*** DATASET EXCERPT ***

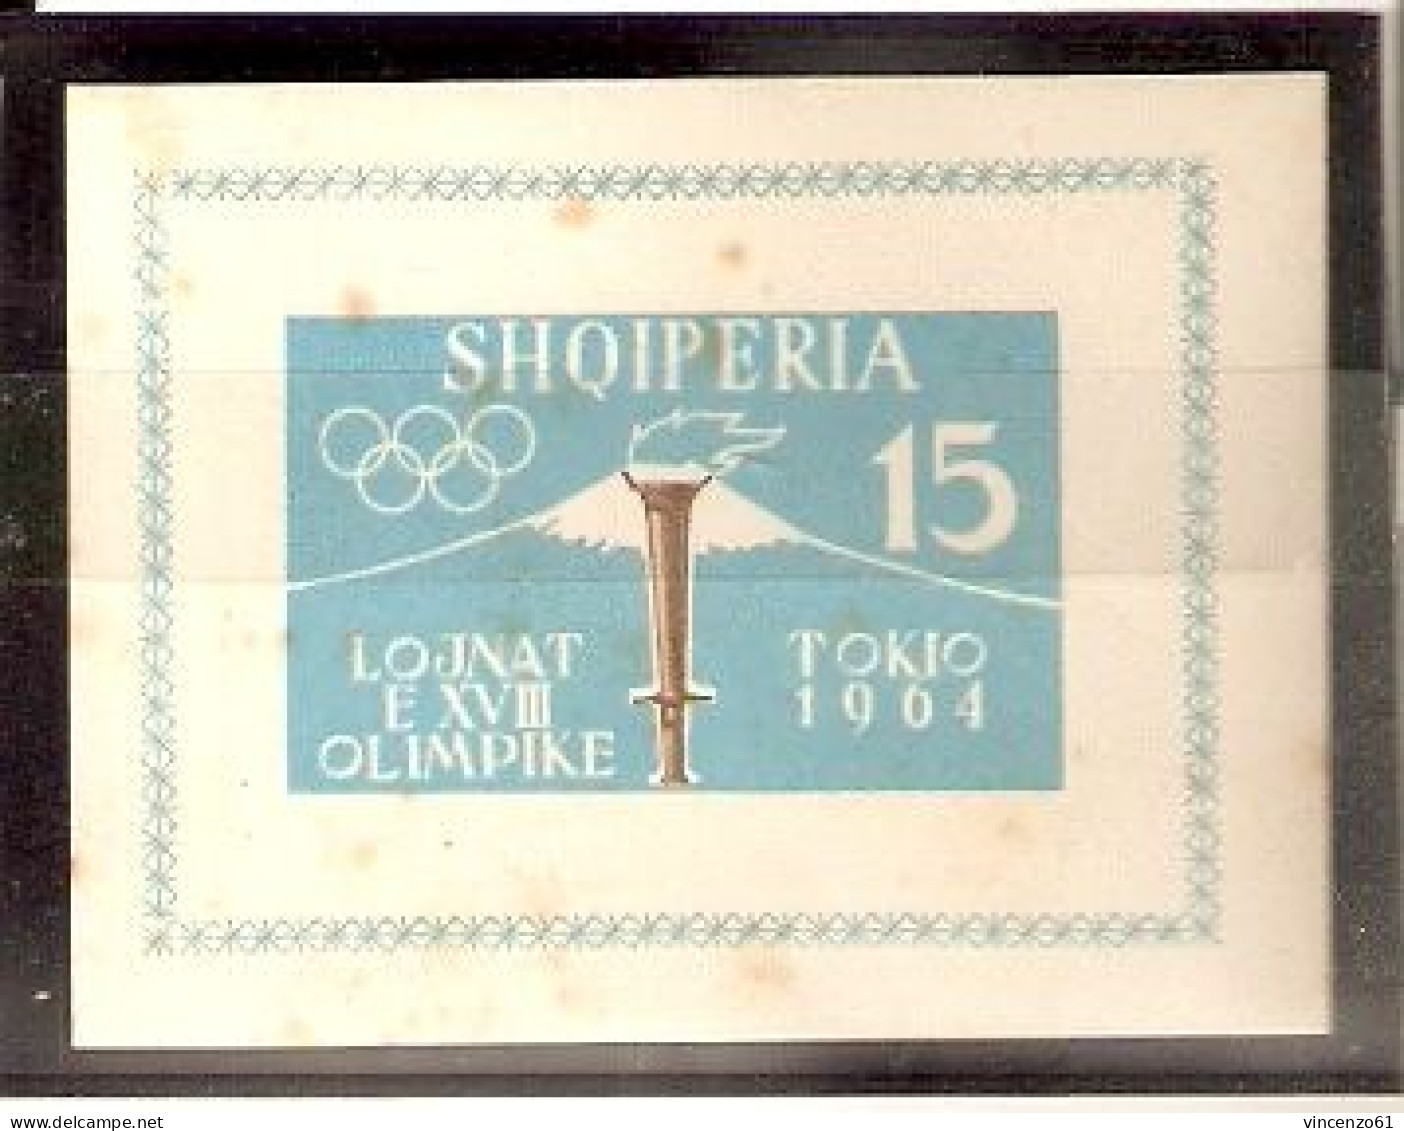 SHQIPERIA TOKIO 1964 OLIMPIC GAME UNPERFORATED - Summer 1964: Tokyo
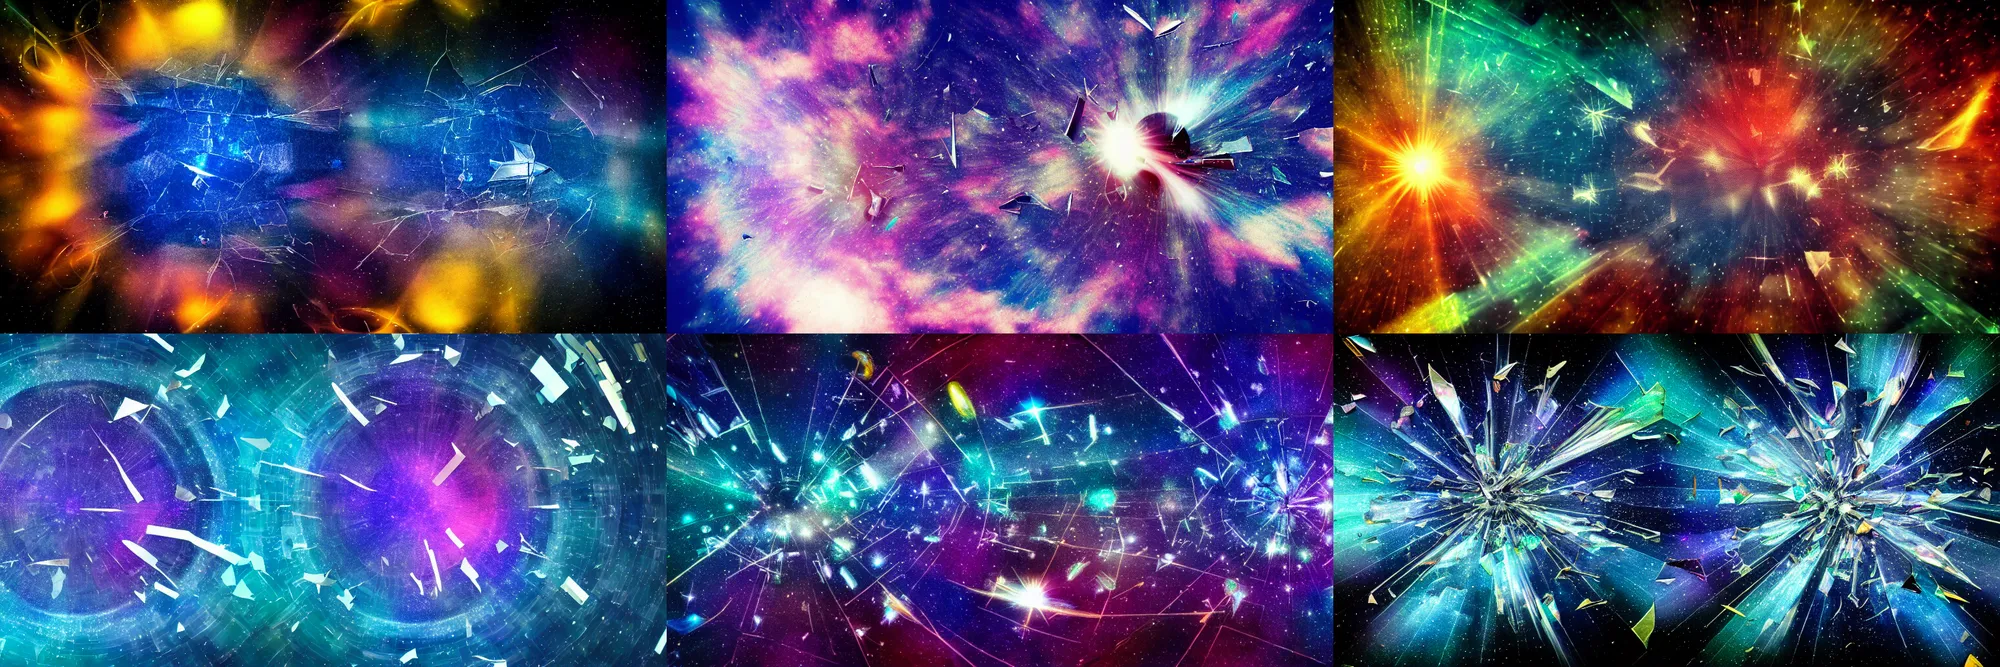 Prompt: flying broken glass shards, outer space nebulas, irregular non-symmetrical fractals, fisheye lens, distortion, motion blur
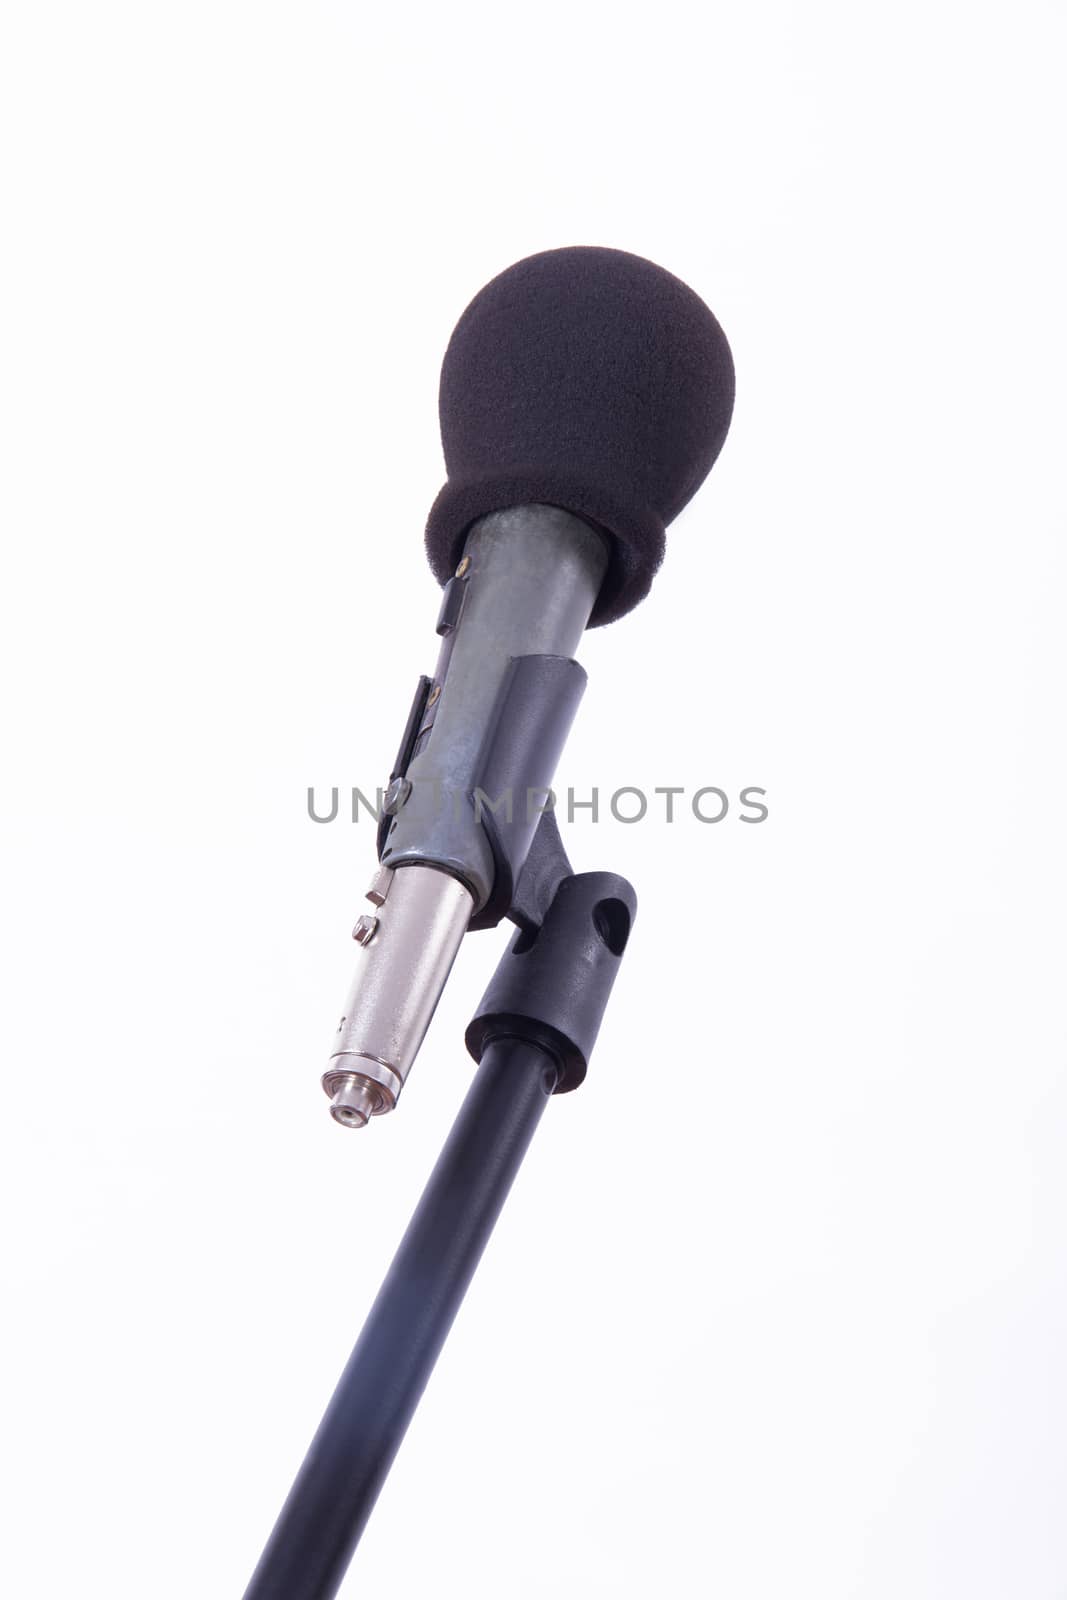 Black Microphone on Stand by niglaynike

*** End of DATASET EXCERPT ***

## EXERCISE AIM
An unchanged copy of the data, images excluded, is all that should be given.

## ANSWER
 SHQIPERIA TOKIO 1964 OLIMPIC GAME UNPERFORATED - Summer 1964: Tokyo
 Prompt: flying broken glass shards, outer space nebulas, irregular non-symmetrical fractals, fisheye lens, distortion, motion blur
 Black Microphone on Stand by niglaynike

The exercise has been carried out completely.